If the data is not currently publicly available (for example, it is data from some activity you are involved in), then you should make it publicly available. One way to do this is to host it on some public website (Dropbox is one possibility); then, your program and your report should reference that location. Do not use a dataset that cannot be shared with the course staff, such as one that contains confidential medical information or intellectual property.
If the full dataset is too large to download, then provide a subset of it for the course staff to experiment with.
Do not manually perform any data cleaning steps — all data cleaning should be done programmatically, by Python code that you write.

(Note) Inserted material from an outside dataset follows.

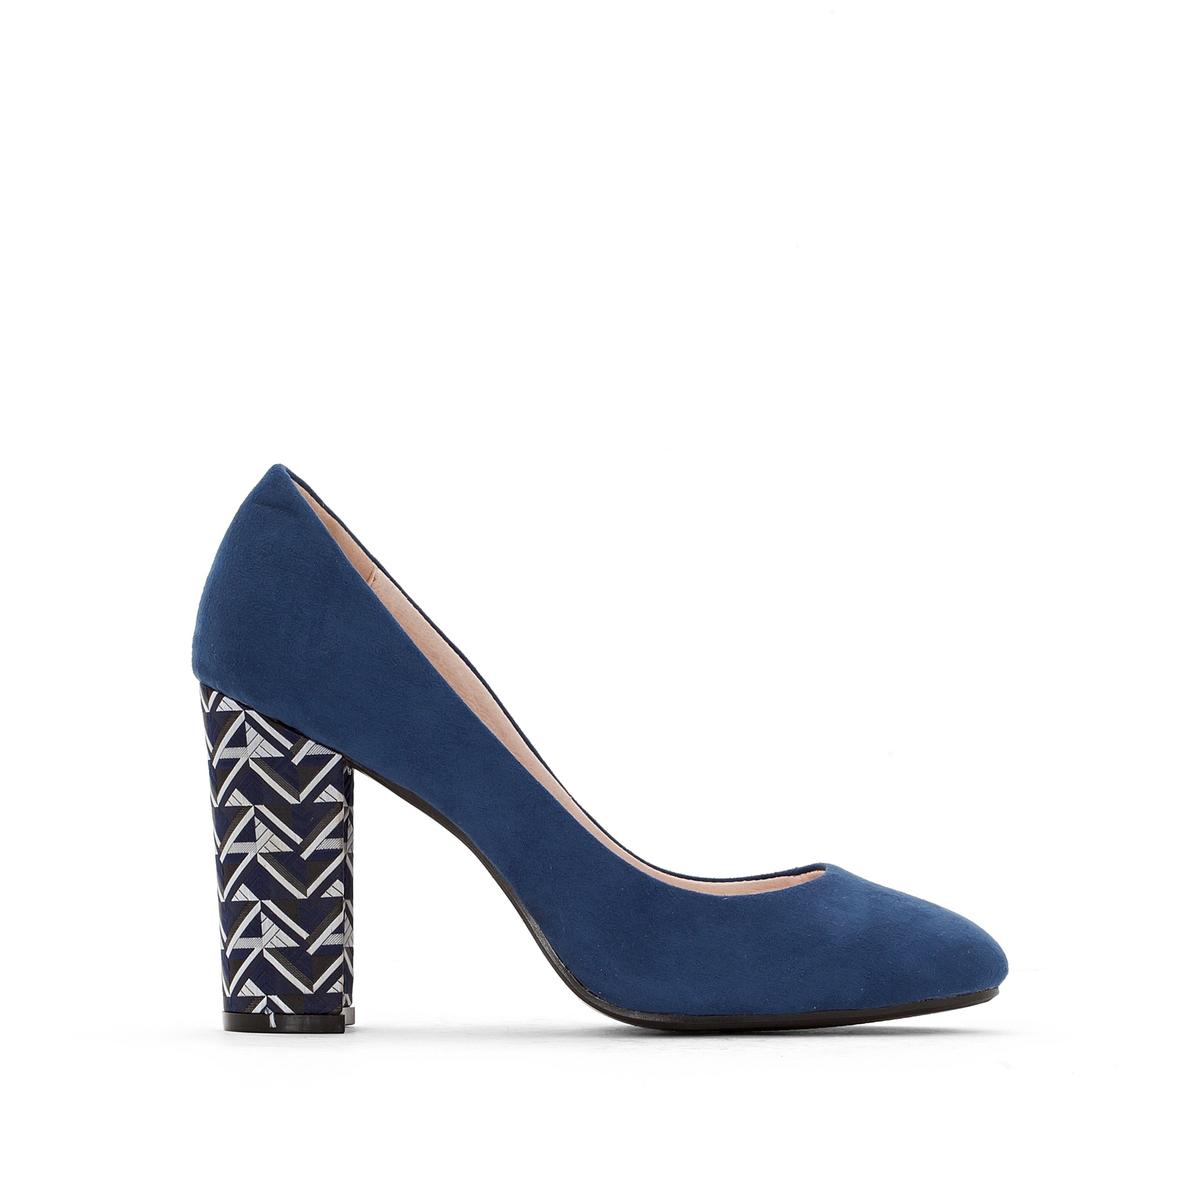 Sapatos, tacão fantasia, pés largo, do 38 ao 45
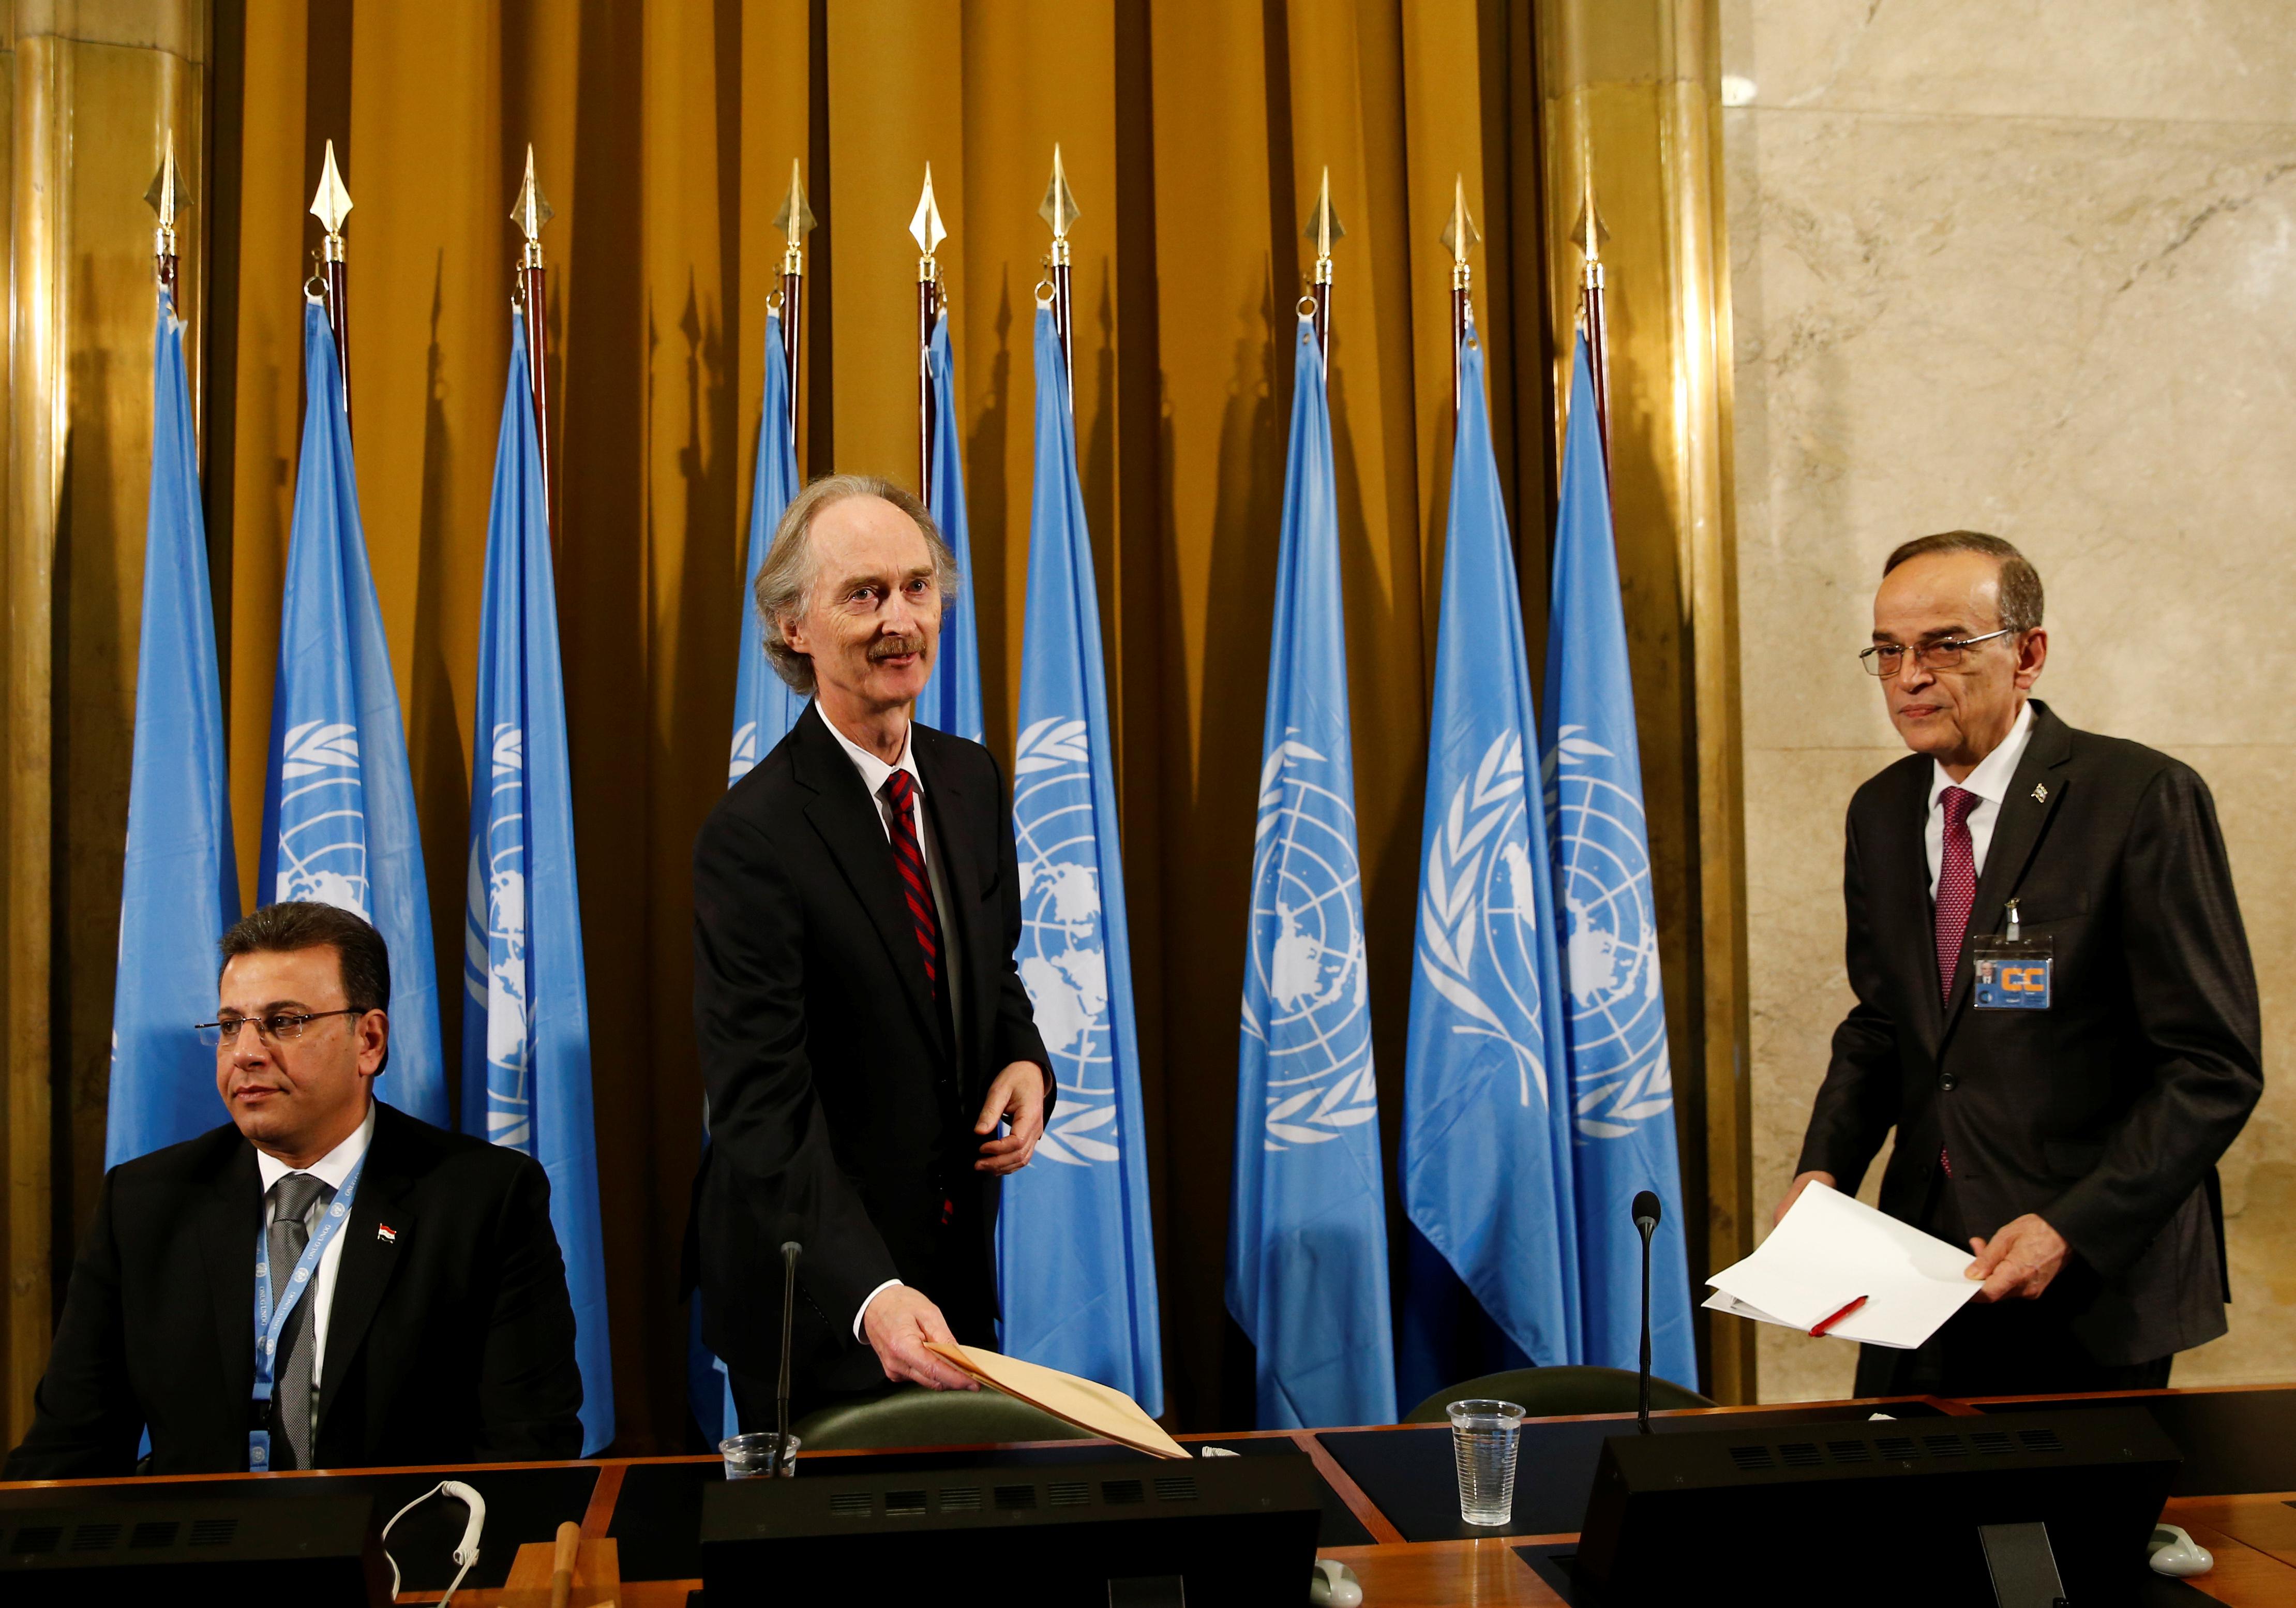 Συρία: Στο ίδιο τραπέζι κυβέρνηση και αντιπολίτευση μετά από 8,5 χρόνια εμφύλιου σπαραγμού

Hints about datasets: The best approach is to start with a problem that interests you, and then look for data. Alternately, you can start with a dataset. Here are some possible data sources, but many more exist:
Your source code should be well-written and well-commented. It should be clear enough for another programmer, such as the course staff, to understand and modify if needed. Your source code documentation should assume that the programmer has already read your report — you do not need to repeat any of those details, but may wish to use concepts that it introduced. A typical final project might contain around 200 lines of well-structured code without duplicated functionality, though longer or shorter is possible.
It is acceptable for you to scale back, or to expand, the scope of your project if necessary. It's better to do a great job on a subset of your original proposal, than to do a bad job on a larger project. If you have to scale back, then explain why the task was more difficult than you estimated when you wrote your proposal. This will help you to make a better estimate for your next project. It will also convince the course staff that you have done an acceptable amount of work for CSE 140.
One group member should submit the following via Catalyst CollectIt (a.k.a. Dropbox):
Finally, answer a survey about how much time you spent on Part II of this assignment. (Each group member should do this part individually.)
Prepare a slide deck of no more than 5 slides (including title slide), that can be presented in no more than 3 minutes. The slide deck should summarize the main points of your report, including motivation, research questions, and results. You will only have time to present the most important aspects of your project. This may include your algorithm, but it will probably not include implementation details of your Python code. The slide deck must be a single self-contained file, in PDF (preferred), PowerPoint, or Impress format. We will load all the documents on a single computer and all groups will present using it.
You will present your work to the rest of the class on Monday, March 18. It is strongly recommended that you practice your presentation ahead of time.
One group member should submit your slide deck via Catalyst CollectIt (a.k.a. Dropbox):
It is not permitted to submit your slide deck late: you may not use late days, and the deadline is firm.
Finally, answer a survey about how much time you spent on Part III of this assignment. (Each group member should do this part individually.)